Lane approaches the woman at the desk who gives him a consent form and explains to him where Christopher must sign.
He finds the private ward, the half-open door allowing him a view of his son’s leg sheathed in plaster, suspended from a pulley system. Lane knocks and enters. Christopher is watching rugby on the widescreen TV mounted opposite the bed, a pair of headphones hooked into his ears. He looks pale and somehow reduced.
He stares at Lane and removes the headphones. “What are you doing here?” His voice slurring from painkillers.
“I’ve come to see you.”
“Bullshit. Where’s Mom?”
“Talking to the doctor.”
The room is festooned with flowers, cards and garish foil balloons urging Chris to “get well.” Lane removes a striped Western Province rugby flag and a pile of men’s magazines from a chair and sits.
“Chris, Doctor Hurwitz tells us he needs to operate in the morning.”
“Ja, I know. To reset my leg.”
“No. I have some bad news.”
“Fuck, man, spit it out. What’s going on?”
“
There’s gangrene in your leg. They have to amputate.”
The boy stares at him. “You serious?”
“Yes.

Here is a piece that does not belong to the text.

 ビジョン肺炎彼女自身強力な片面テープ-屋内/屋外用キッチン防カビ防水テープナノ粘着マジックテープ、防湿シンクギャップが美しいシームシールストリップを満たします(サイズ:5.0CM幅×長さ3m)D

I’m sorry.”
“No, you’re not.”
“Chris . . .”
“Get the fuck out. I want to see mom.”
Lane stands and flaps the sheet of paper. “You need to sign this. It’s a consent form.”

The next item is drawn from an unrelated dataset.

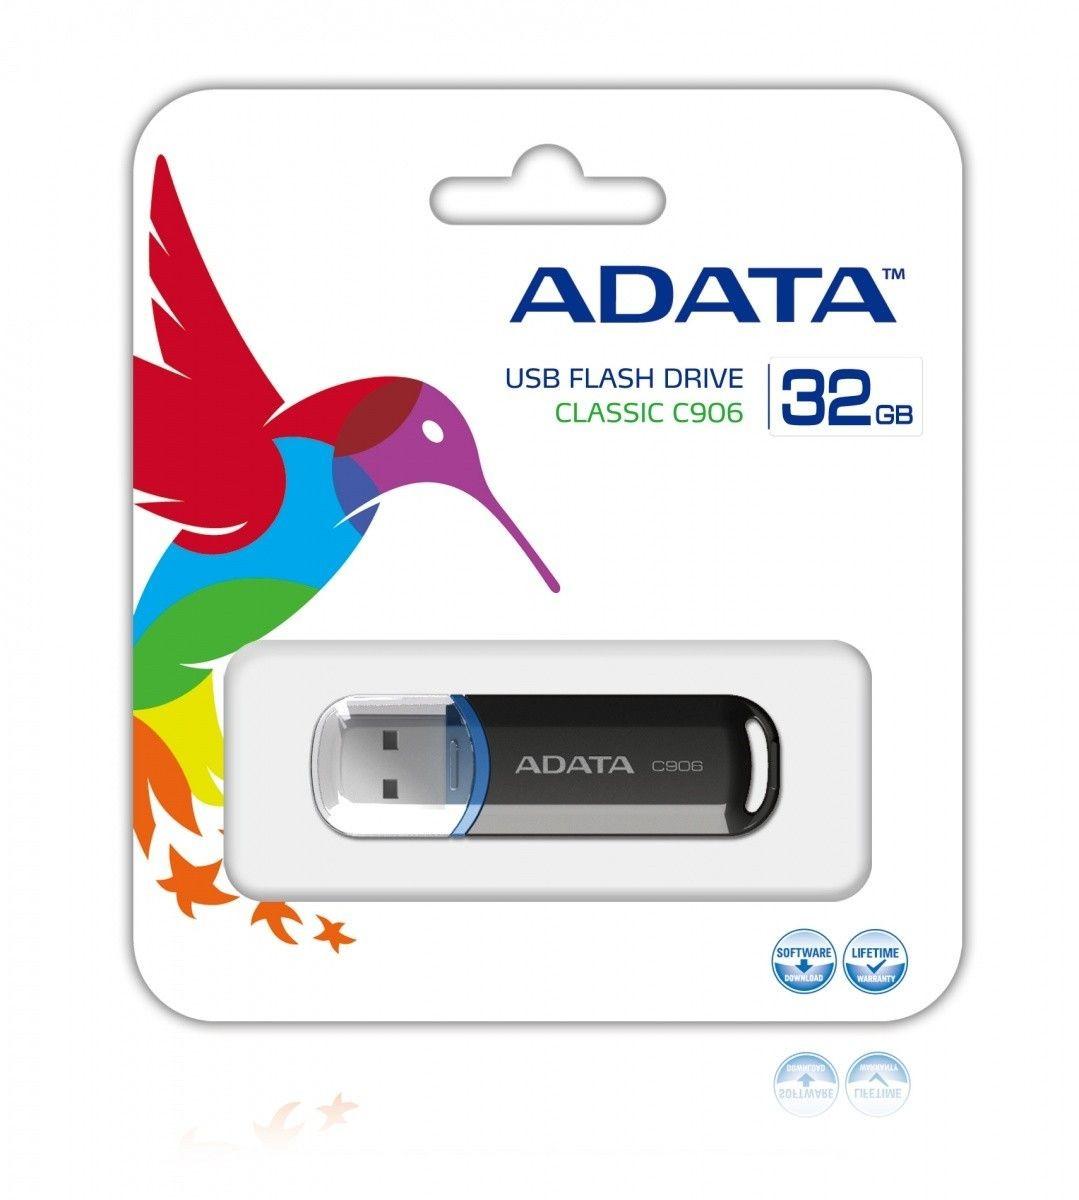 A-Data Adata pamięć USB C906 32GB USB 2.0 ( Czarny )

“I’m not signing a fucken thing. Call my mother. Now.”
Lane shrugs, sets the paper down on the cabinet beside the bed and heads for the door.
“Dad?”
When had the boy last called him that?
Lane turns and sees the fear on his son’s face and he feels an echo of a very old emotion that he thought was long dead.

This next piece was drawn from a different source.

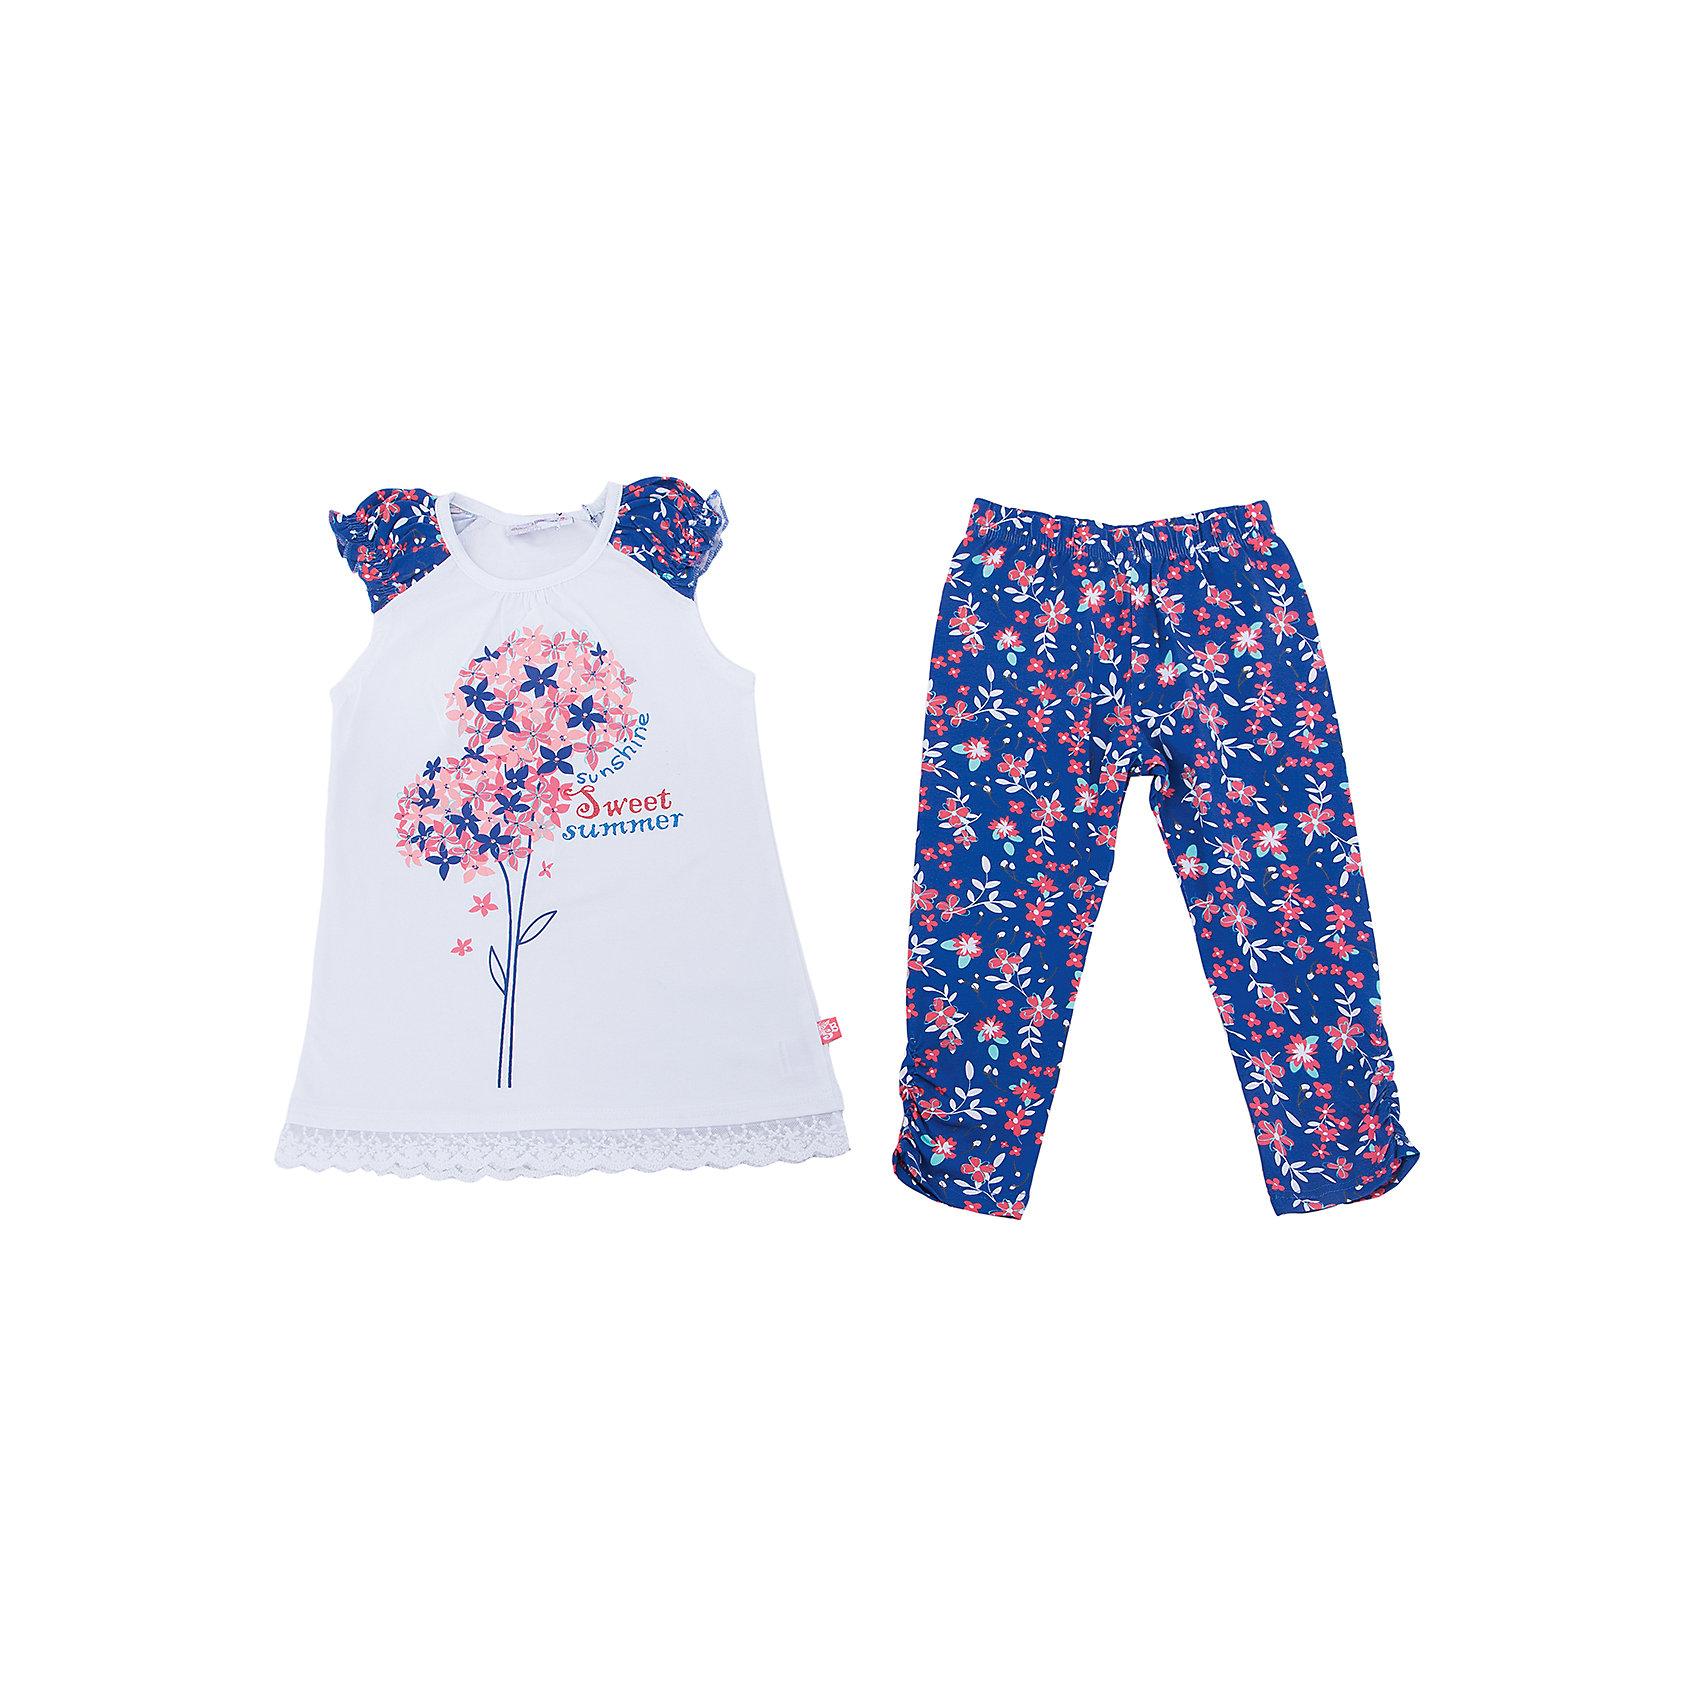 Комплект: футболка и леггинсы для девочки Sweet BerryКомплекты<br>Трикотажный комплект для девочки. Удлиненная футболка с цветочным рисунком, свободный крой. Лосины принтованы цветочным рисунком в тон футболке. Эластичный пояс.<br>Состав:<br>95%хлопок 5%эластан<br><br>Ширина мм: 123<br>Глубина мм: 10<br>Высота мм: 149<br>Вес г: 209<br>Цвет: белый<br>Возраст от месяцев: 36<br>Возраст до месяцев: 48<br>Пол: Женский<br>Возраст: Детский<br>Размер: 104,98,110,116,122,128<br>SKU: 5412286

“Do they have to do this?” Chris asks, his voice thin.
“Yes. If they don’t you’ll die.”
“Jesus.” He closes his eyes, then opens them and looks up at Lane. “Don’t go. Please.”
Lane sits. “The doctor will be in later to explain everything to you.”
“What will I do? Afterwards?”
“Hurwitz is already talking of a prosthesis. They’re very sophisticated these days. You’ll be able to lead a normal life.”
“Normal for a cripple?”
Lane shrugs. “There will have to be a period of adjustment.”
The boy makes a sound that resembles a laugh. “I suppose you think I deserve this?”
Lane shakes his head, but can find no words of denial.
Chris says, “You’re not going to believe me, but since I’ve been here I can’t stop thinking of that night. What I did.”
“I believe you.”
“I was popping ’roids. And you know what happens when you mix them with booze? Fucken does your head in.”